Once again processing 11 million rows, now in seconds
Written on 2026-01-28Two weeks ago I went on an optimization spree when a PHP script had to process 11 million database-stored events. My initial code processed around 30 events per second, which meant the whole operation would take around 4 days to complete. In my last post, I managed to get that number up to 50k events per second, resulting in only a couple of minutes of runtime.
I knew there was still room for improvement, though, and so, the journey began again.
Combined insert
This time I started with a much more acceptable baseline: 50k events per second. After reading my blogpost, Márk reached out to me telling me my visits per year projector could be improved a lot. For reference: I'm keeping track of how many visits my blog got per year in this projector: every time a visit event occurs I incremented the count field in the database by one for the corresponding year. I was doing an individual insert query for every such visit, but all of that could be combined into one. So instead of doing this:
INSERT INTO `visits_per_year` (`date`, `count`) VALUES ("2025-01-01", 1) ON DUPLICATE KEY UPDATE `count` = `count` + 1; INSERT INTO `visits_per_year` (`date`, `count`) VALUES ("2025-01-01", 1) ON DUPLICATE KEY UPDATE `count` = `count` + 1; INSERT INTO `visits_per_year` (`date`, `count`) VALUES ("2025-01-01", 1) ON DUPLICATE KEY UPDATE `count` = `count` + 1; INSERT INTO `visits_per_year` (`date`, `count`) VALUES ("2025-01-01", 1) ON DUPLICATE KEY UPDATE `count` = `count` + 1;
I would perform one query like so:
INSERT INTO `visits_per_year` (`date`, `count`) VALUES ("2025-01-01", 1), ("2025-01-01", 1), ("2025-01-01", 1), ("2025-01-01", 1) ON DUPLICATE KEY UPDATE `count` = `count` + 1;
With this change, performance doubled once again, from 50k to 100k events per second!
More with PHP
Did you spot that ON DUPLICATE KEY UPDATE count = count + 1? That's MySQL's way of incrementing an integer on the database level when there's a duplicate key (in this table that would be the date field).

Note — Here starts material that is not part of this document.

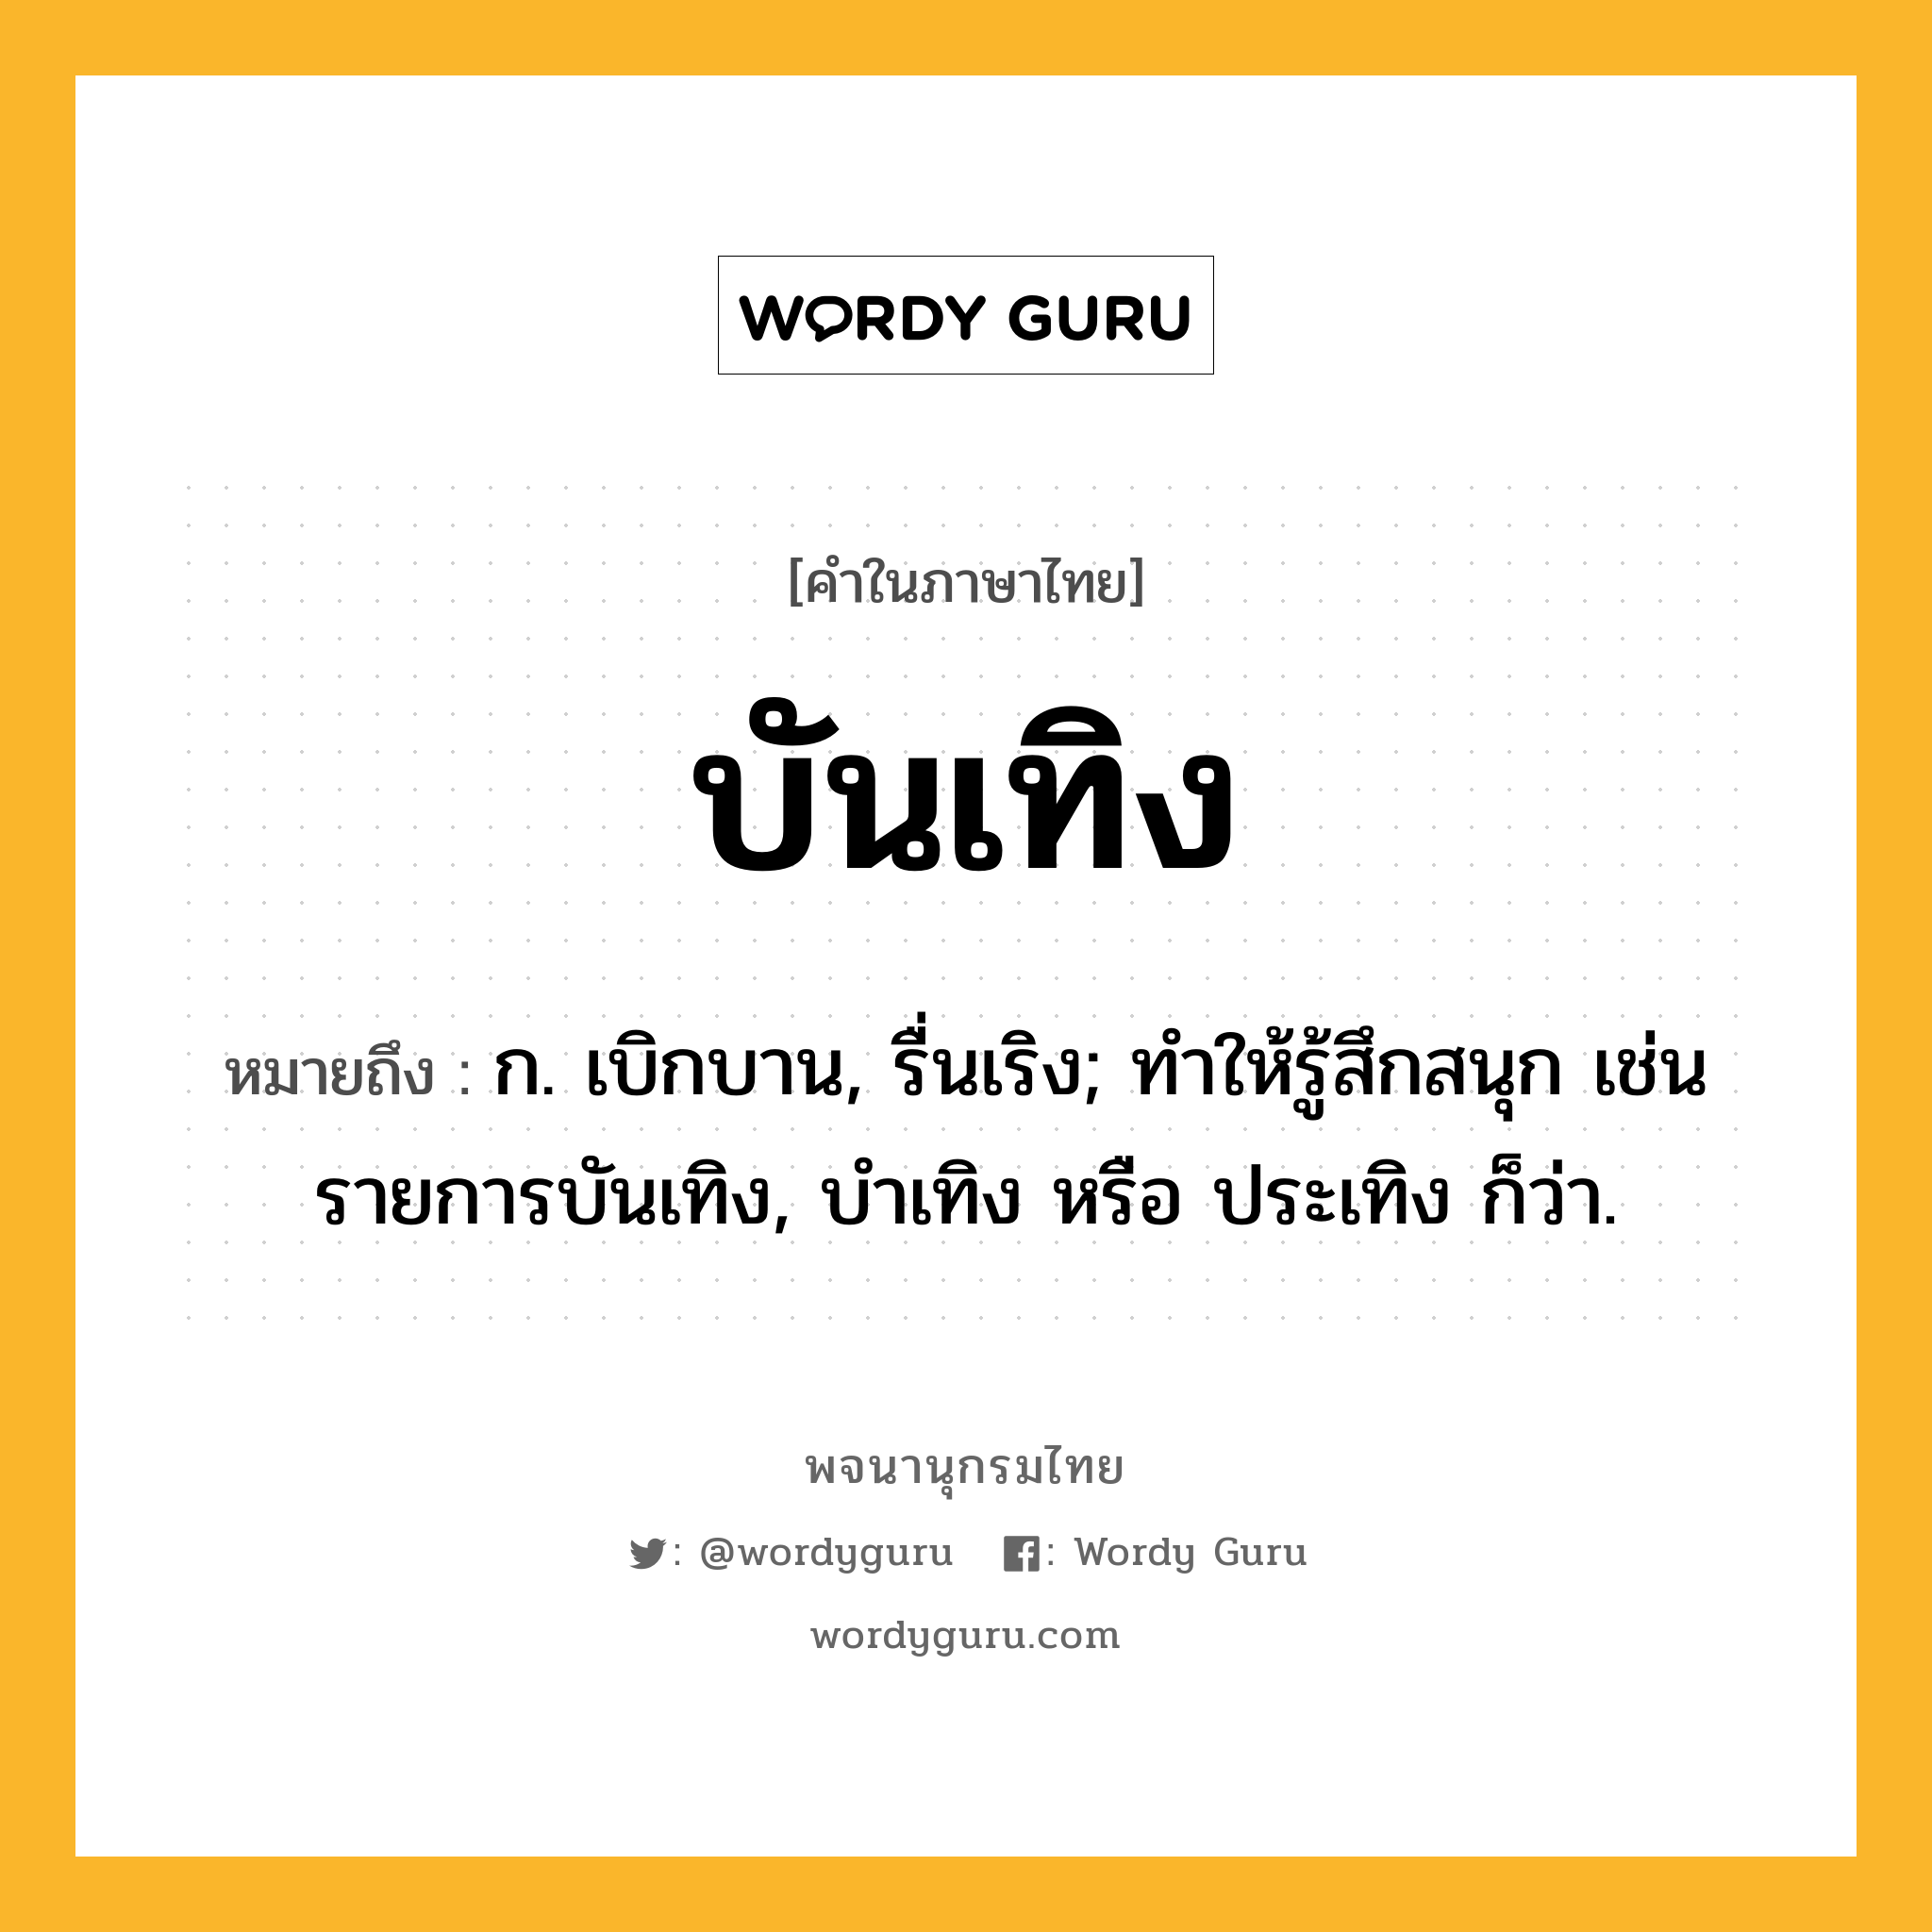 บันเทิง หมายถึงอะไร?, คำในภาษาไทย บันเทิง หมายถึง ก. เบิกบาน, รื่นเริง; ทําให้รู้สึกสนุก เช่น รายการบันเทิง, บำเทิง หรือ ประเทิง ก็ว่า.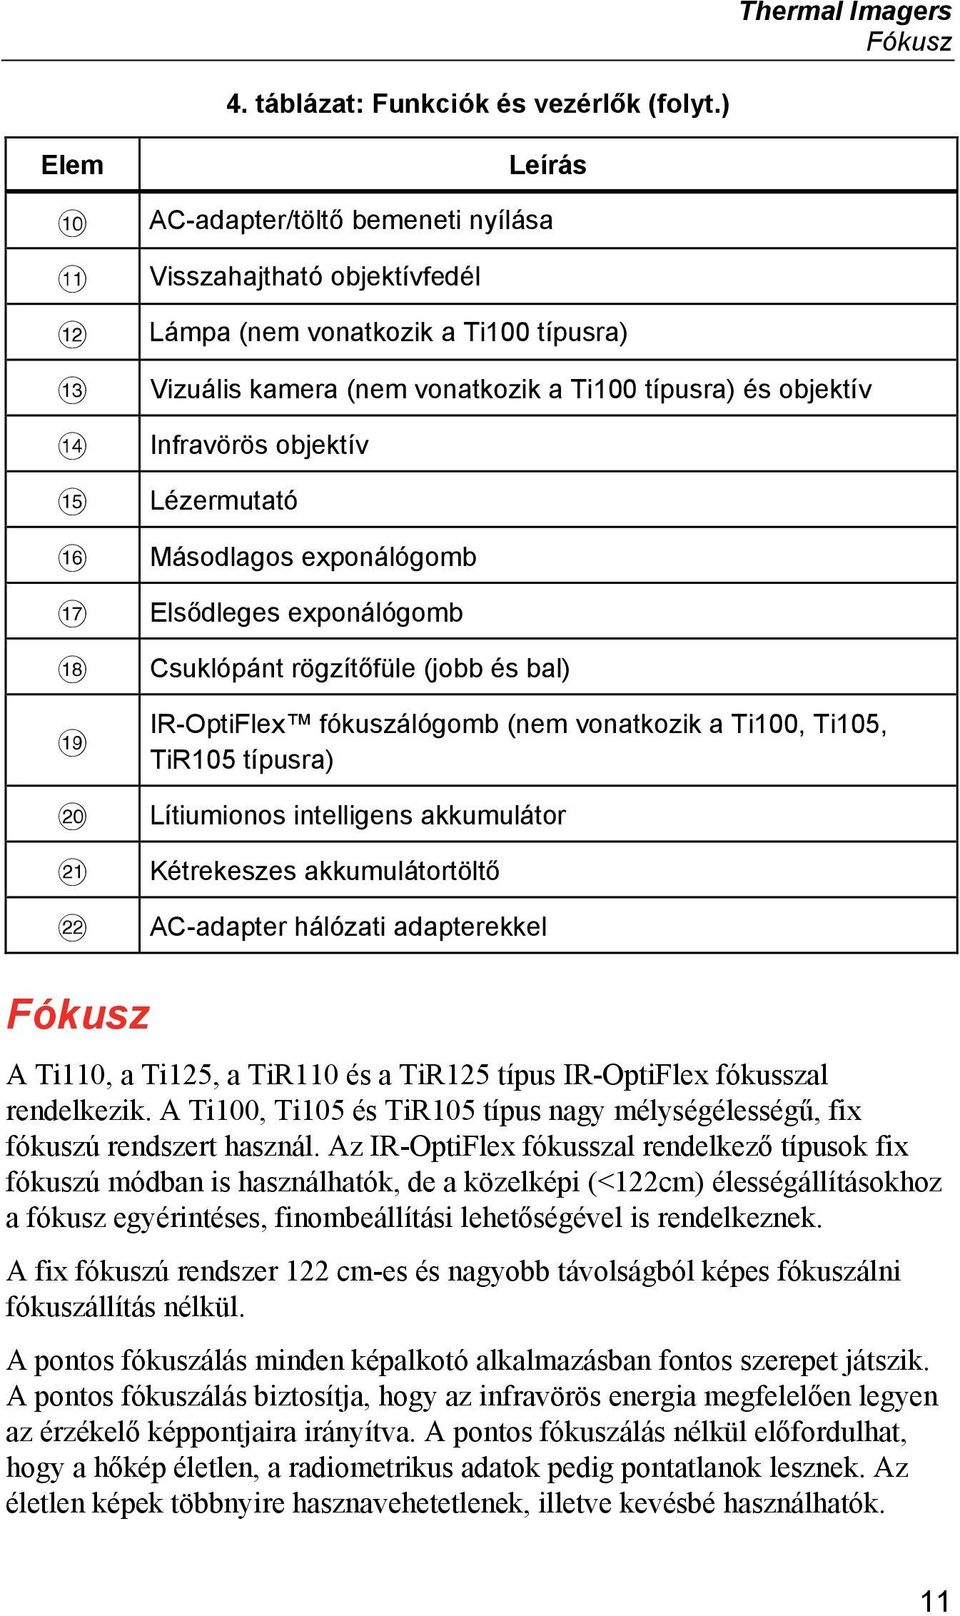 Lézermutató Másodlagos exponálógomb Elsődleges exponálógomb Csuklópánt rögzítőfüle (jobb és bal) IR-OptiFlex fókuszálógomb (nem vonatkozik a Ti100, Ti105, TiR105 típusra) Lítiumionos intelligens

Márk also mentioned that doing these calculations on the database level was far from optimal and suggested moving them to PHP. It required only a couple of small changes; first in the event handler itself:
#[EventHandler] public function onPageVisited(PageVisited $pageVisited): void { $date = $pageVisited->visitedAt->format('Y') . '-01-01'; $this->inserts[] = $date; $this->inserts[$date] = ($this->inserts[$date] ?? 0) + 1; }
And then in the database query:
public function persist(): void { if ($this->inserts === []) { return; } $values = []; foreach ($this->inserts as $date => $count) { $values[] = "(\"{$date}-01-01\",{$count})"; } $query = new Query(sprintf( 'INSERT INTO `visits_per_year` (`date`, `count`) VALUES %s ON DUPLICATE KEY UPDATE `count` = `count` + VALUES(`count`)', implode(',', $values), )); $query->execute(); $this->inserts = []; }
You can imagine how this change has potential: instead of performing one huge insert query with thousands and thousands of values, we'd now only ever perform one update operation for every year. I ran the code, and my mind was blown — again — instead of 100k, we were now processing 250k events per second. Now hold on, because there's a lot more to come — we're not even halfway done yet.
Finetunings
Next, I made some smaller tweaks: upping the chunk limit, and only selecting the fields I actually needed from the stored_events table:
$limit = 1500; $limit = 30_000; while ($events = query('stored_events')->select('id', 'payload')->where('id > ?', $lastId)->limit($limit)->all()) { // … }
These changes added another 20k, pushing the result from 250k to 270k events per second. Remember how 20k seemed like such a huge number back when I started this experiment? Now it felt like peanuts. Nevertheless, 20k is still 20k, and I'm happy with it!
Let's think for a moment
At this point I could barely imagine any more possible improvements. The problem seemed pretty optimized: we're chunking both reads and writes and trying to minimize them as much as possible. We moved our calculations to PHP, which seemed to make a huge impact. What else could there be?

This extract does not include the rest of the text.